Supplied material:
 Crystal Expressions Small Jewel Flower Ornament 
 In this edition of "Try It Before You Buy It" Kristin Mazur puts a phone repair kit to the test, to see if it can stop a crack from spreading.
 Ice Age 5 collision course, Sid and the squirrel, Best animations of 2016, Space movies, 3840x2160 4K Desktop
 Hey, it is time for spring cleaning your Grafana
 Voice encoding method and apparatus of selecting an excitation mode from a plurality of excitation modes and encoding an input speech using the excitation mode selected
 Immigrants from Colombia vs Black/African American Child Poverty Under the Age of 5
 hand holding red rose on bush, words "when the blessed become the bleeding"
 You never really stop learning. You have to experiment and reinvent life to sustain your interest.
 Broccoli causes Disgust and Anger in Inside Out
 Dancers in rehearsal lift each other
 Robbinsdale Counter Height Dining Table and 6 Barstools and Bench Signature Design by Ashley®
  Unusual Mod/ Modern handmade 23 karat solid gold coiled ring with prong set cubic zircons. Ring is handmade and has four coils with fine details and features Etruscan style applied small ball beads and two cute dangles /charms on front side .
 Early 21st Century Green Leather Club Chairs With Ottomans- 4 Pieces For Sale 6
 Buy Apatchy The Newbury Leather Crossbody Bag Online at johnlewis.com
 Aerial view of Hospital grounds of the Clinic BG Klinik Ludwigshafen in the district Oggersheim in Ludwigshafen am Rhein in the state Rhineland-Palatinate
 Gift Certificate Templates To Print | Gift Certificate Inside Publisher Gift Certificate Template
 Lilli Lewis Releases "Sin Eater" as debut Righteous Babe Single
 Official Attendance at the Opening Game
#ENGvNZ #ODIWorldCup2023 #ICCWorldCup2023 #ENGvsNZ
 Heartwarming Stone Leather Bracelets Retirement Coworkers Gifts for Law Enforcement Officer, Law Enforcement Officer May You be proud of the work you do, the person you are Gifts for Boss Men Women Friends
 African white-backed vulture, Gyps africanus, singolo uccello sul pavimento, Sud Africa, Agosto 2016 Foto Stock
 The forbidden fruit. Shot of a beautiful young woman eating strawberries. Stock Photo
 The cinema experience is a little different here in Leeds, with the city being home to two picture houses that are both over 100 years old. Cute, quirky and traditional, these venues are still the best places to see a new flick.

Work request: Keep to the lines from the one containing "Unusual Mod/ Modern" to the end of the entries above, and retype them exactly.

Output for this task:
  Unusual Mod/ Modern handmade 23 karat solid gold coiled ring with prong set cubic zircons. Ring is handmade and has four coils with fine details and features Etruscan style applied small ball beads and two cute dangles /charms on front side .
 Early 21st Century Green Leather Club Chairs With Ottomans- 4 Pieces For Sale 6
 Buy Apatchy The Newbury Leather Crossbody Bag Online at johnlewis.com
 Aerial view of Hospital grounds of the Clinic BG Klinik Ludwigshafen in the district Oggersheim in Ludwigshafen am Rhein in the state Rhineland-Palatinate
 Gift Certificate Templates To Print | Gift Certificate Inside Publisher Gift Certificate Template
 Lilli Lewis Releases "Sin Eater" as debut Righteous Babe Single
 Official Attendance at the Opening Game
#ENGvNZ #ODIWorldCup2023 #ICCWorldCup2023 #ENGvsNZ
 Heartwarming Stone Leather Bracelets Retirement Coworkers Gifts for Law Enforcement Officer, Law Enforcement Officer May You be proud of the work you do, the person you are Gifts for Boss Men Women Friends
 African white-backed vulture, Gyps africanus, singolo uccello sul pavimento, Sud Africa, Agosto 2016 Foto Stock
 The forbidden fruit. Shot of a beautiful young woman eating strawberries. Stock Photo
 The cinema experience is a little different here in Leeds, with the city being home to two picture houses that are both over 100 years old. Cute, quirky and traditional, these venues are still the best places to see a new flick.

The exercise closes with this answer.